第117章
  陆妙然忽然觉得,此刻的父亲有些陌生。
  她从来都觉得自己的父亲是一位正义忠心的政治家。
  她从来没见过爸爸这样凶狠好斗的模样。
  她觉得爸爸嘴里的韩子毅,和自己平时见到的韩子毅,并不是一个人。
  她听不懂那句“反间计”是什么。
  她只知道,她不喜欢看见韩子毅郁郁不得志的样子。
  陆洺舒见女儿不说话了,便蹲下身仰头看向陆妙然。
  “甜甜,你觉得韩子毅不是爸爸所说的这样的人,是不是?”
  在这场没有悬念的谈判里,陆妙然毫无悬念的落败了。
  她败的晕晕乎乎,只能随着父亲的提问去思考。
  “是......怀郁哥从来都没有问我要过什么,我也问过他娶我是不是为了权柄......可他只说如果不是我,他是连权柄都不屑要的......”

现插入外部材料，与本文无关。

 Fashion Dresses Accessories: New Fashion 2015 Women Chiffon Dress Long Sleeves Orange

  陆洺舒笑起来,只叹恋爱中的女孩真是世上最傻的存在。
  陆妙然的天真,一如她的母亲。
  “甜甜,爸爸不想伤你,但你记住,千万不要拿男人当人看,你喜欢韩子毅,你养着他,宠着他,拿他寻开心,甚至于跟他结婚,这些都可以,但你唯独不可以将他当做和你一样的人,人被人背叛,是世上最痛苦的事,但人被物件儿背叛,就只要再换一个就好了”

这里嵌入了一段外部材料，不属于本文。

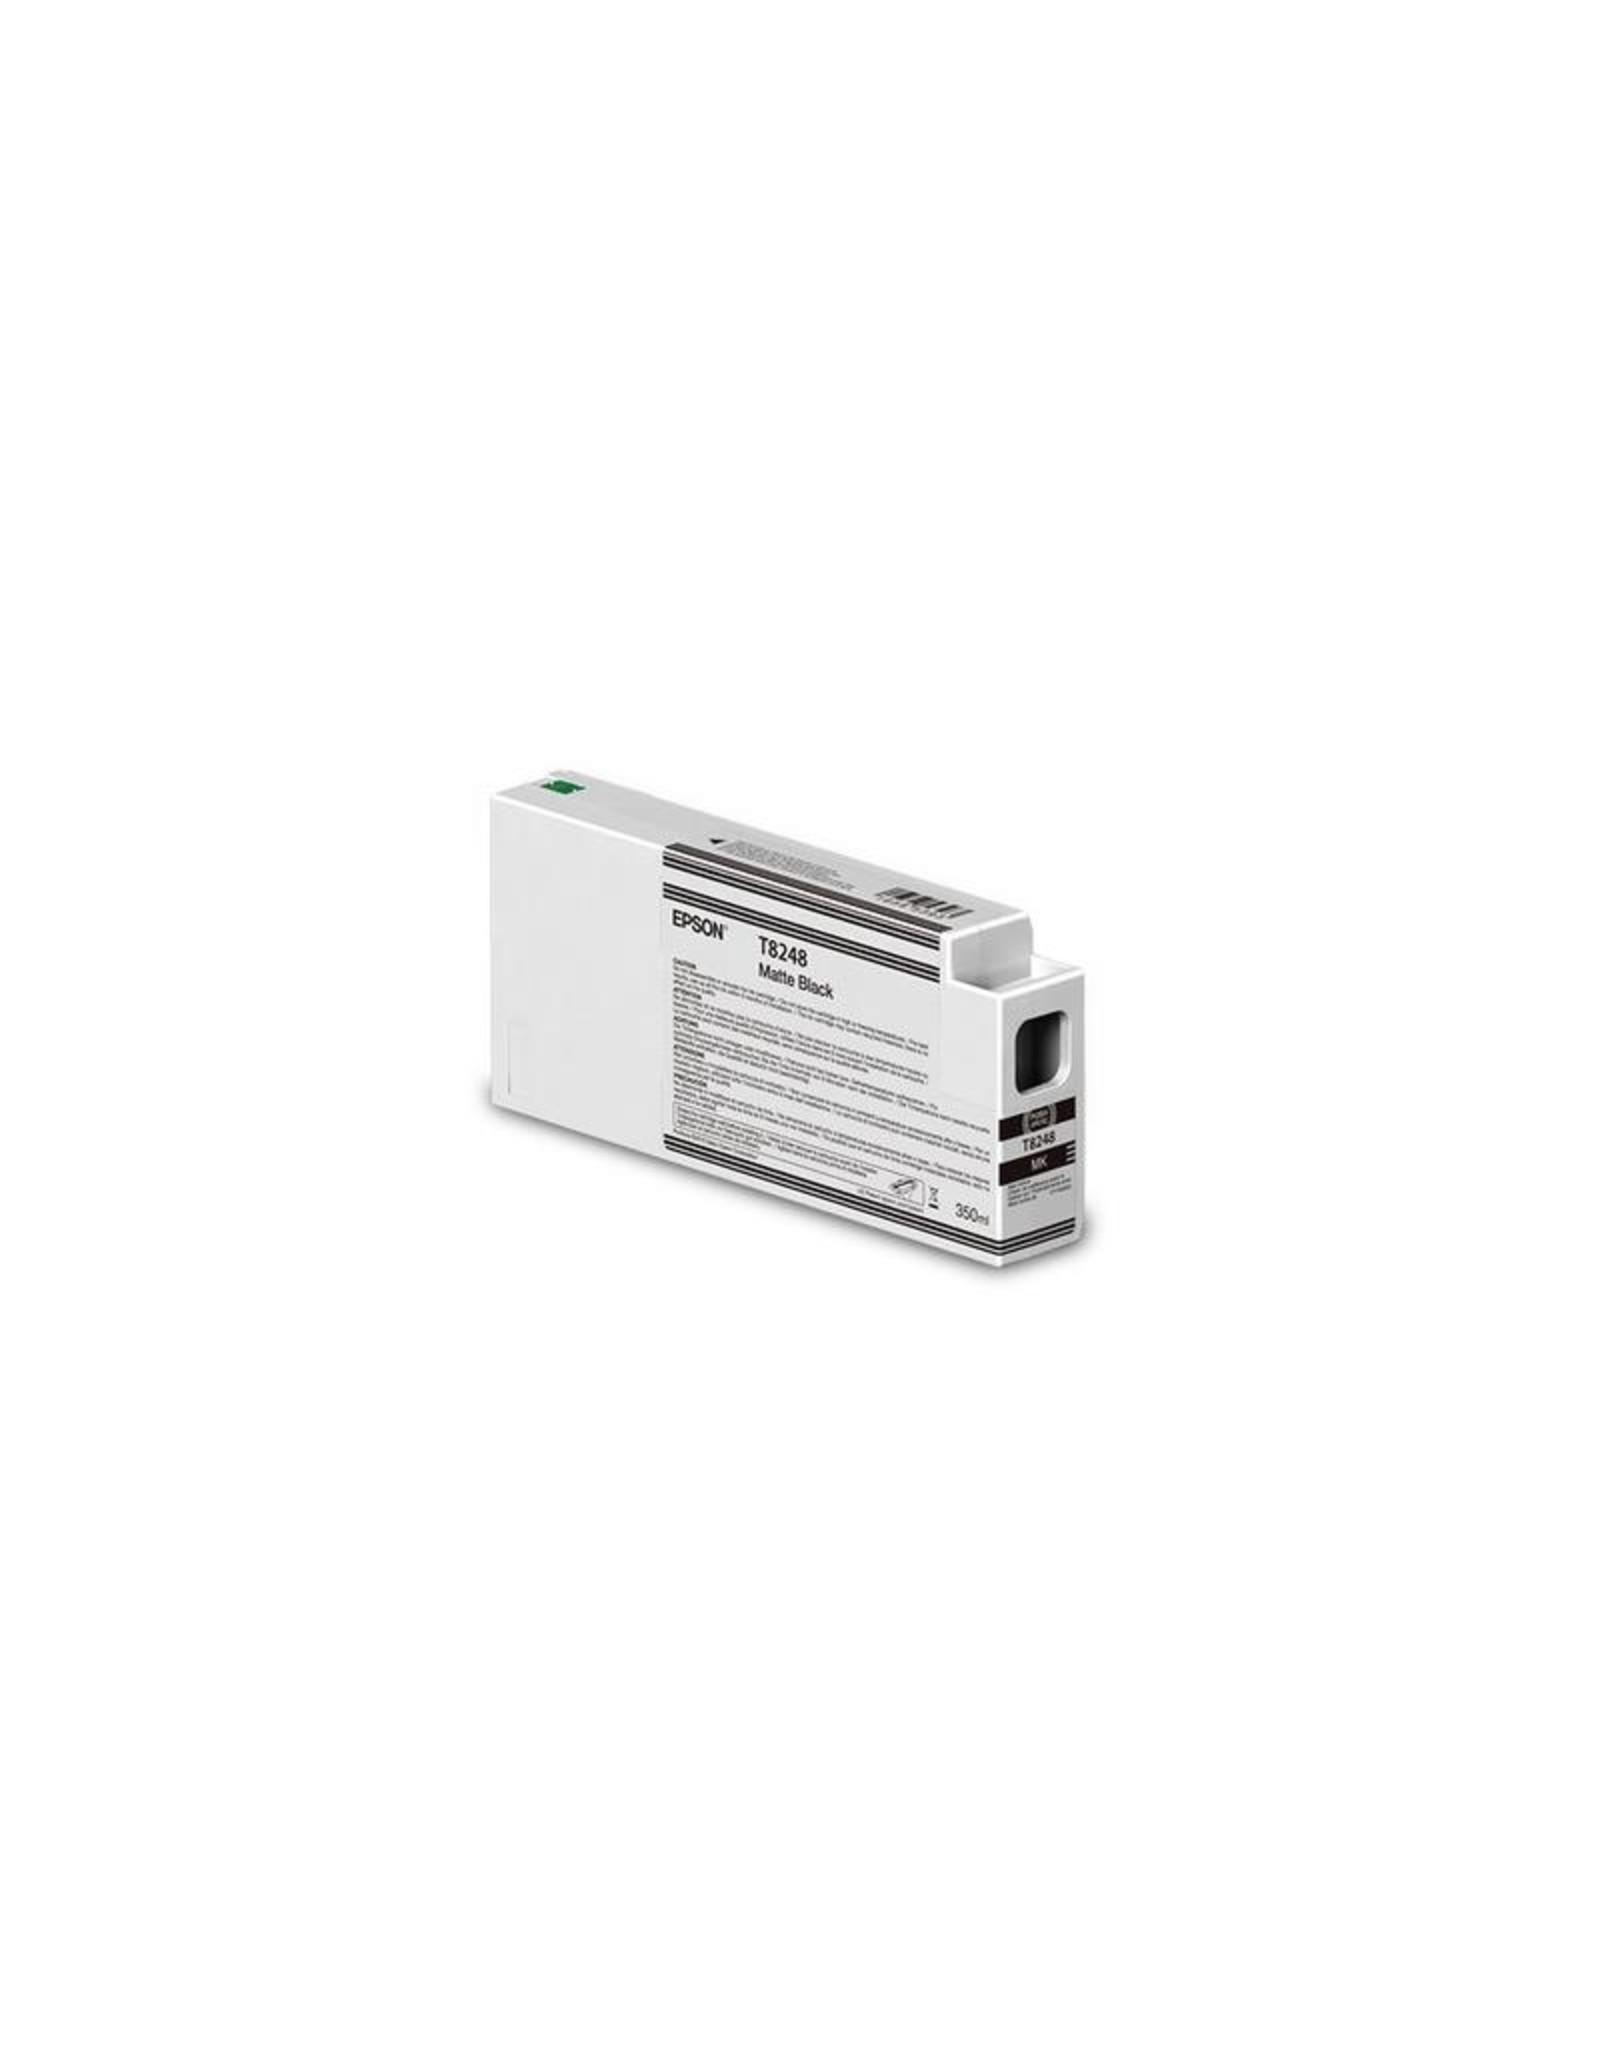 Epson Epson T824800 Ultrachrome HD Matte BLK ink 350ML

  陆妙然红着眼:“你怎么就肯定韩子毅会背叛我?如果他爱我呢?如果他真的爱我呢?”
  陆洺舒摇头:“傻孩子,没有如果”
  ......
  凌晨时分,陆妙然走进了韩子毅的卧室。
  韩子毅身上穿着一件单衣,正对着窗外抽烟。
  陆妙然走到男人身后,又将自己提的一只竹编的小箱子搁到了韩子毅手边。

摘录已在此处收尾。